This risk has also caused health authorities to proceed cautiously. The FDA and the European Medicines Agency (EMA) both considered approving SGLT2s for T1D, and both concluded the risk of DKA was too significant. While both also acknowledged there are multiple benefits of these medications for T1Ds, they felt that more studies were necessary to better understand the safety risks. 

Carbohydrate consumption was listed as one of many factors that can contribute to DKA while taking an SGLT2. Other factors include excessive alcohol use, illicit drugs, viral or bacterial infection, vomiting, and insulin pump or infusion site failure. 

Any patient with type 1 diabetes that takes an SGLT2 is at risk for DKA,” explains Hutter. 

Use With Caution

SGLT2 inhibitors offer wonderful benefits for people with type 2 diabetes. But these powerful medications should be approached with knowledge and caution. If you have type 1 diabetes, or if you eat a low-carb or ketogenic diet, the research suggests taking an SGLT2 medication can be dangerous.

 

Chowdhury T et al. Fournier’s Gangrene: A Coexistence or Consanguinity of SGLT-2 Inhibitor Therapy. Cureus. August 2022.
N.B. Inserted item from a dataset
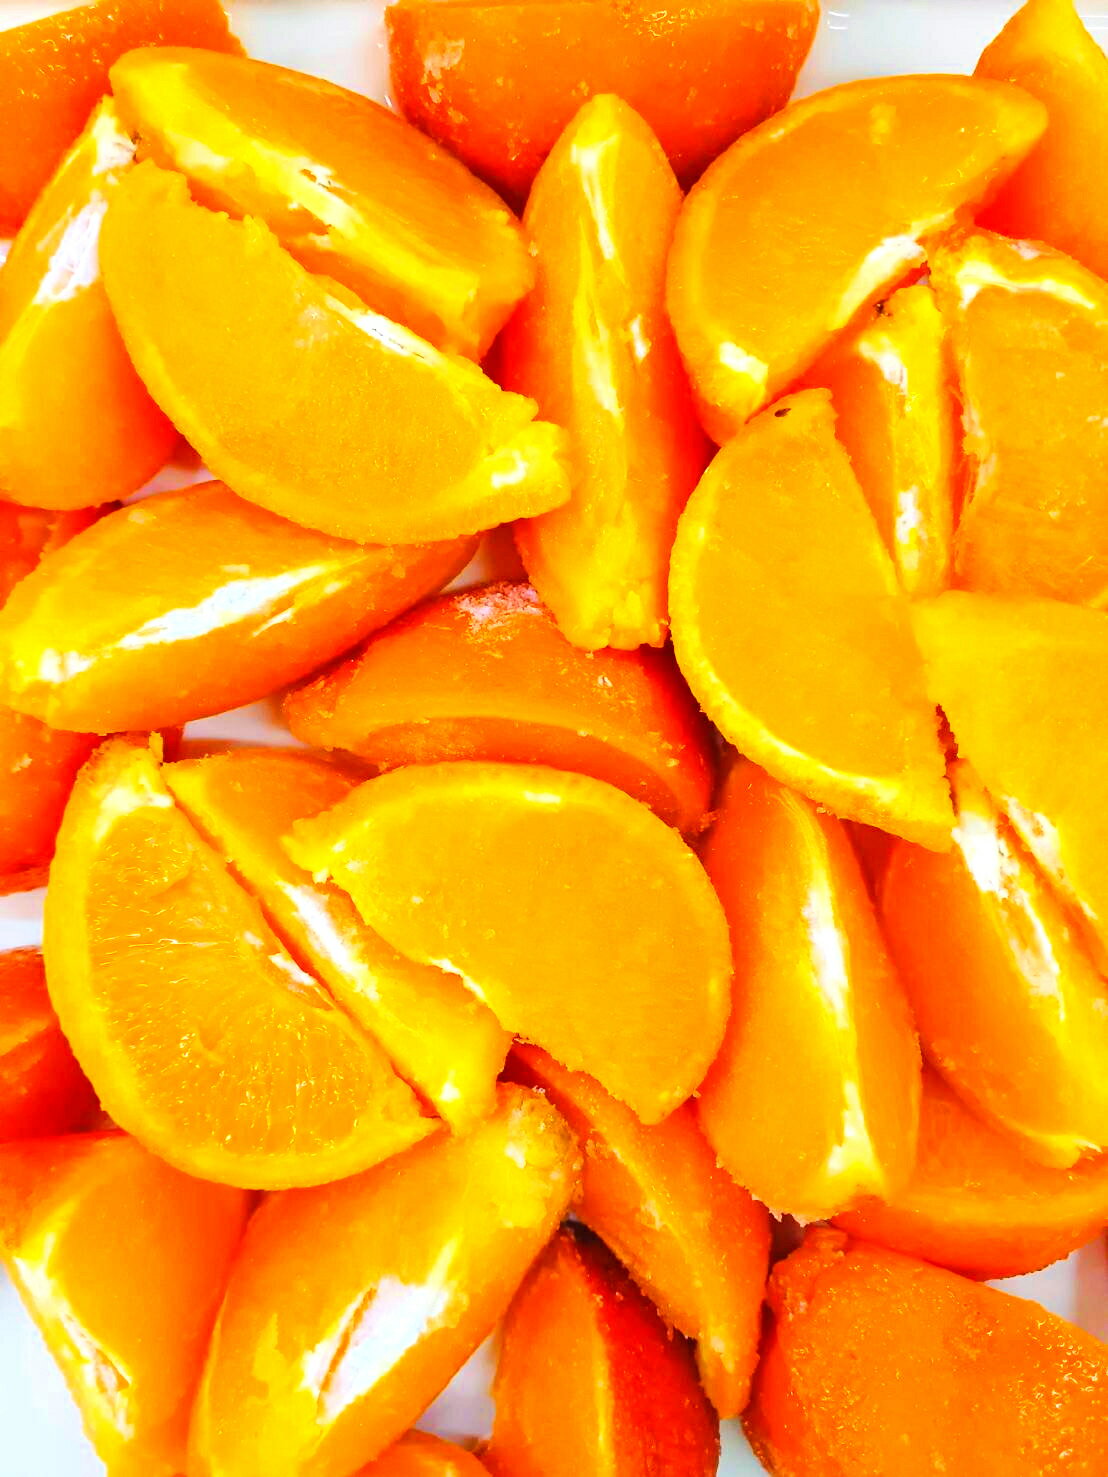 【KIMONO FRUITS】不知火オレンジ デコポン同品種 1/6カット 1000g 広島県産 ノーワックス品 バラ凍結で使いやすいです 冷凍不知火みかん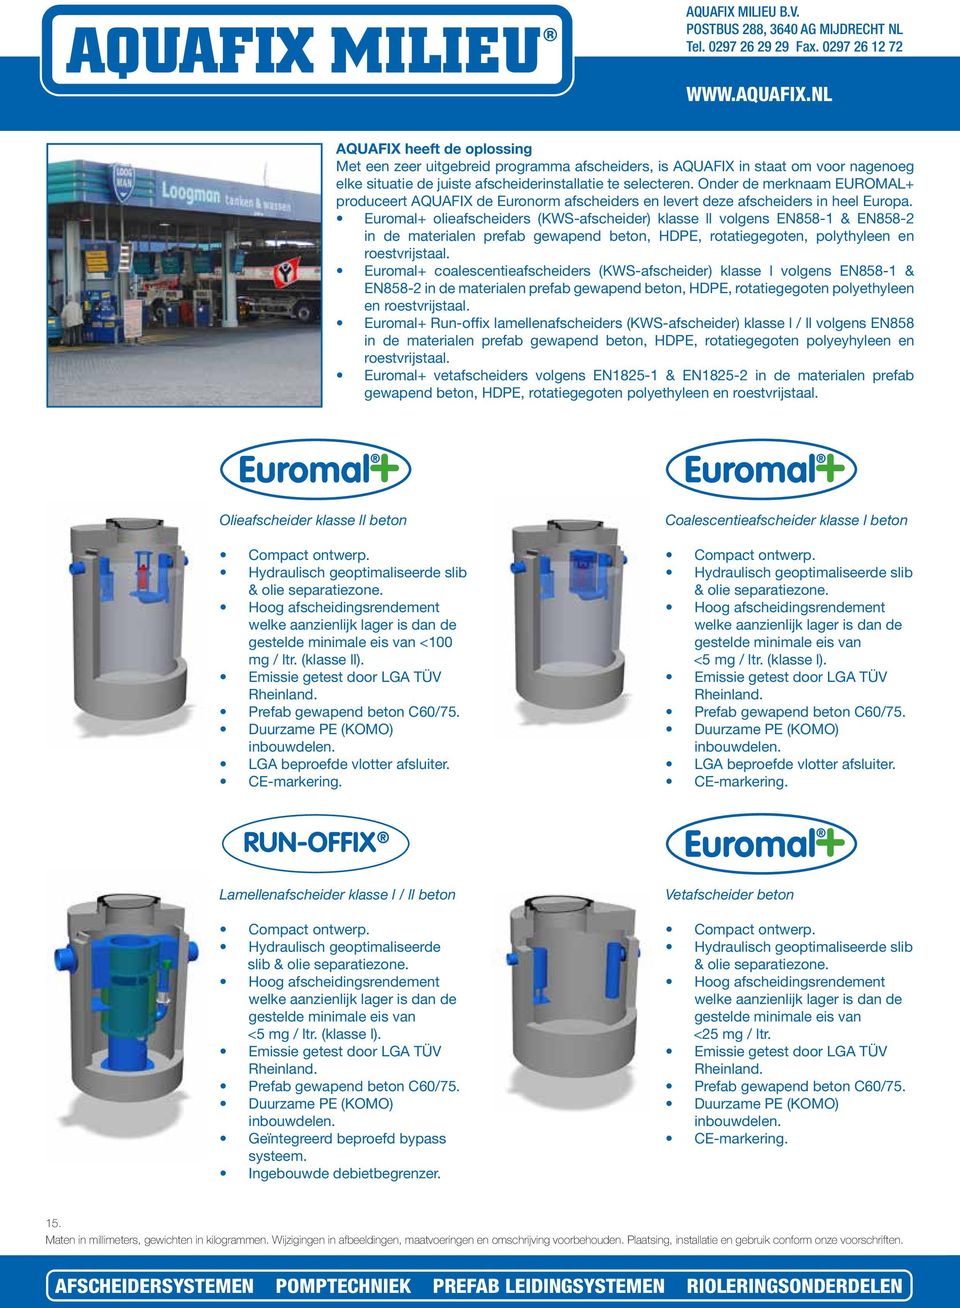 Euromal+ olieafscheiders (KWS-afscheider) klasse ll volgens EN858-1 & EN858-2 in de materialen prefab gewapend beton, HDPE, rotatiegegoten, polythyleen en roestvrijstaal.

Guirguis H et al. The Use of SGLT-2 Inhibitors Coupled With a Strict Low-Carbohydrate Diet: A Set-Up for Inducing Severe Diabetic Ketoacidosis. Clinical Medicine Insights: Case Reports. April 8, 2022.

Danne T et al. International Consensus on Risk Management of Diabetic Ketoacidosis in Patients With Type 1 Diabetes Treated With Sodium–Glucose Cotransporter (SGLT) Inhibitors. Diabetes Care. February 6, 2019.

Maffei P et al. SGLT2 Inhibitors in the Management of Type 1 Diabetes (T1D): An Update on Current Evidence and Recommendations. Diabetes, Metabolic Syndrome, and Obesity. November 9, 2023.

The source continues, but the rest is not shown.